2012年3月5日月曜日

言語の構造

言語にはいろいろな面で構造と呼べる性格が存在している。それについて、次の二つの特徴を指摘することができる。
 第一は、言語の世界の要素にはさまざまなものがあり、それらは互いに直接的に、または間接的に関係をもって、まとまった存在をつくっていると考えられる。これは、言語だけではなく、常識的に考えた場合の構造というものの一般的特徴である。
 第二は、言語において認められる構造は、単なるいくつかの要素から成る構成物ではなく、ある働きを行う仕組みであるということである。
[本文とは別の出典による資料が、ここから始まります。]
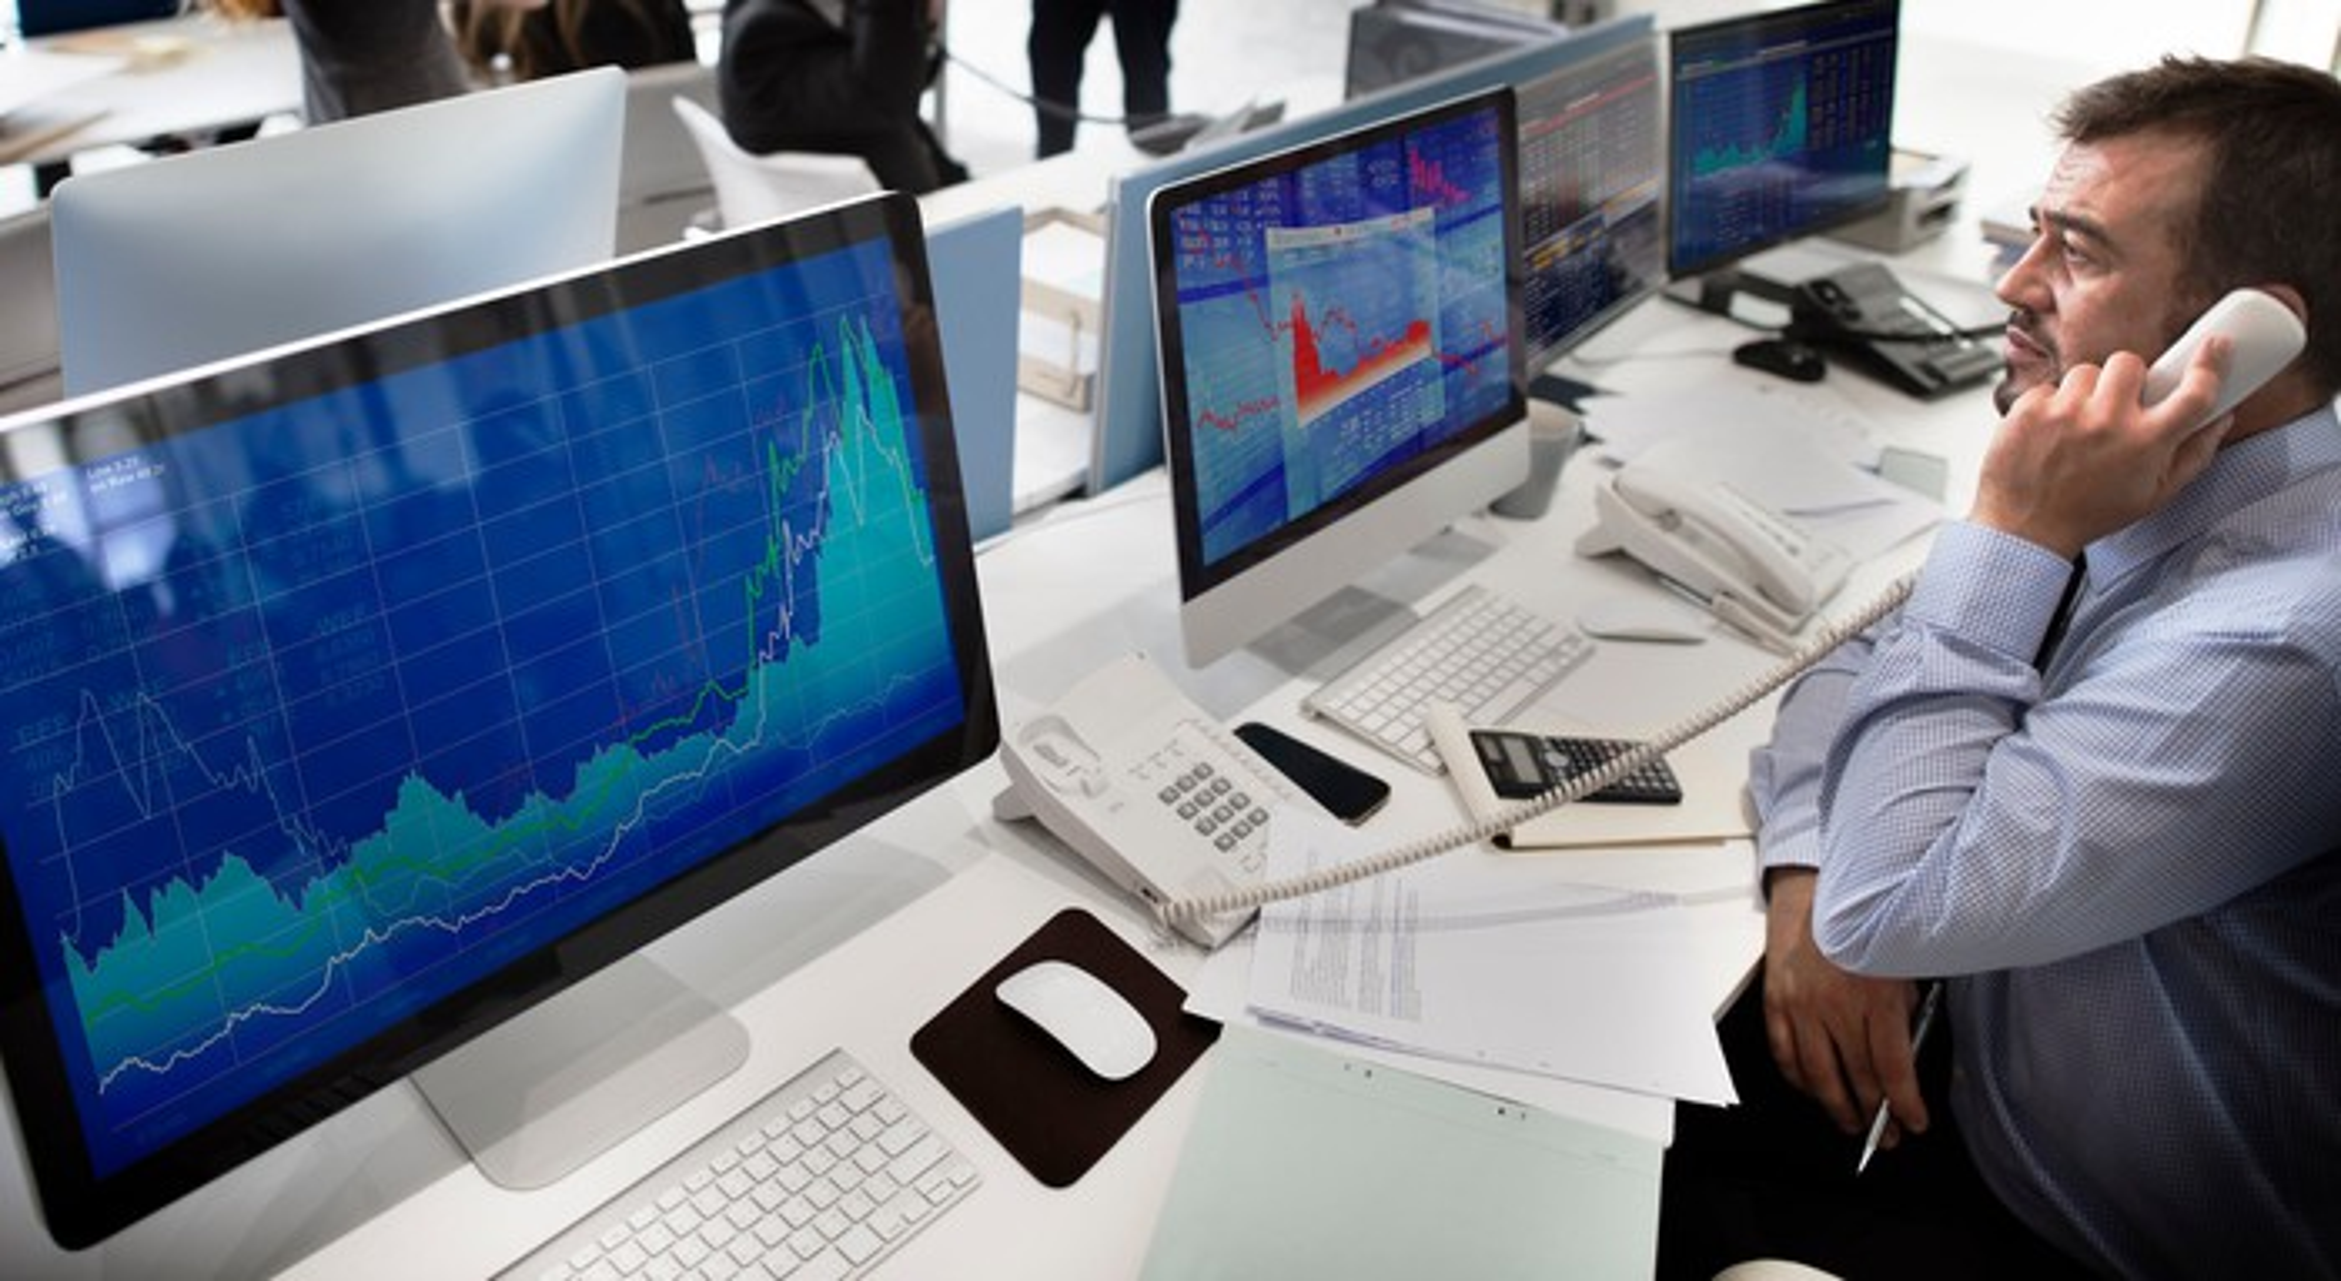 Stock trader on phone examining stock charts.

その働きとは、あることがらについての情報を言語記号の形に変換して表現する、そして表現された形から内容を把握するという一種の情報処理の過程である。
 日本語の語彙構造とは、言語を語彙、文法、音形、表記、談話、言語行動、待遇表現などの諸分野に分けて、それぞれの構造を取り上げることである。日本語の文法構造は、言語(全体の、または分野別の)における伝達の仕組みの一般的な枠組みないしは型をなす側面を対象とする。
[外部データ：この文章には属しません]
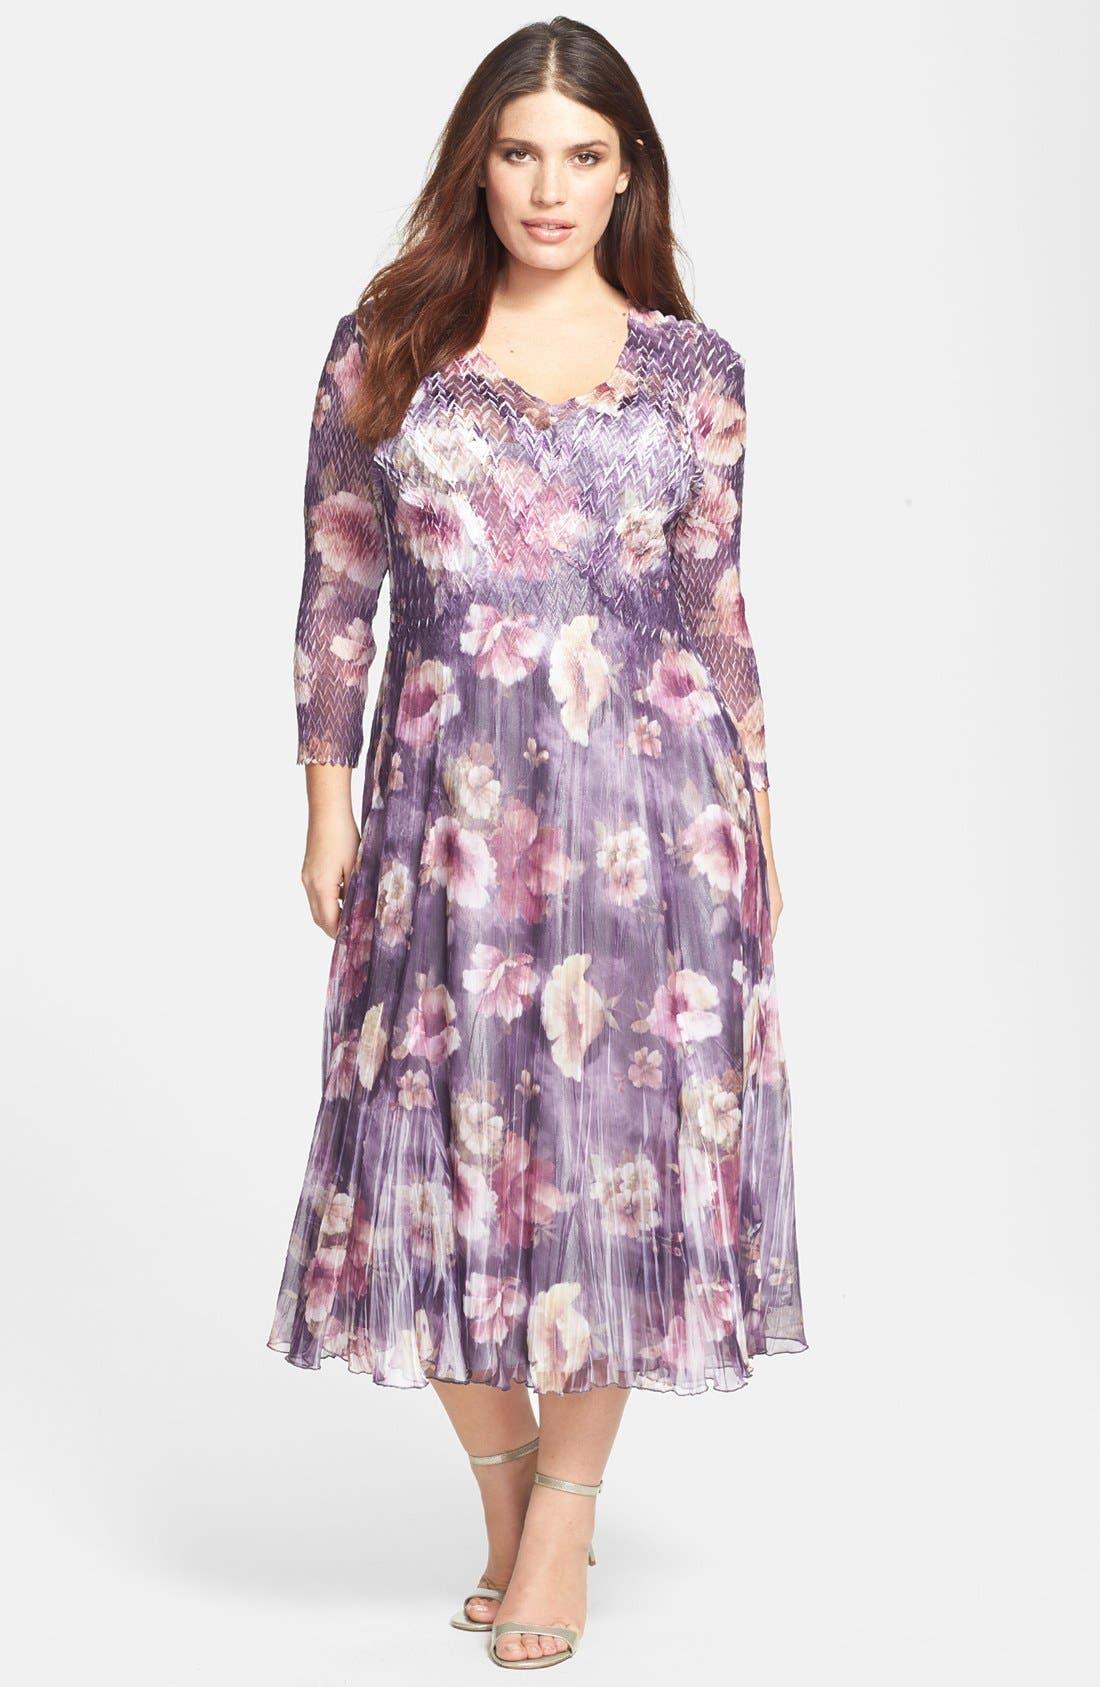 Alternate Image 1 Selected - Komarov Floral Print Charmeuse Dress (Plus Size)

 言語について、体系、組織、機構など構造に類似した意味でつかわれる概念がある。それらは構造と共通点もあれば、異なる点もある。たとえば、構造と体系は「対象とする言語の一般的な伝達のしくみ」を問題とする時は、両者とも使える(「日本語の構造」、「日本語の体系」)しかし、具体的なある文の文法的構成については「文の構造」といっても、「文の体系」とは言わない。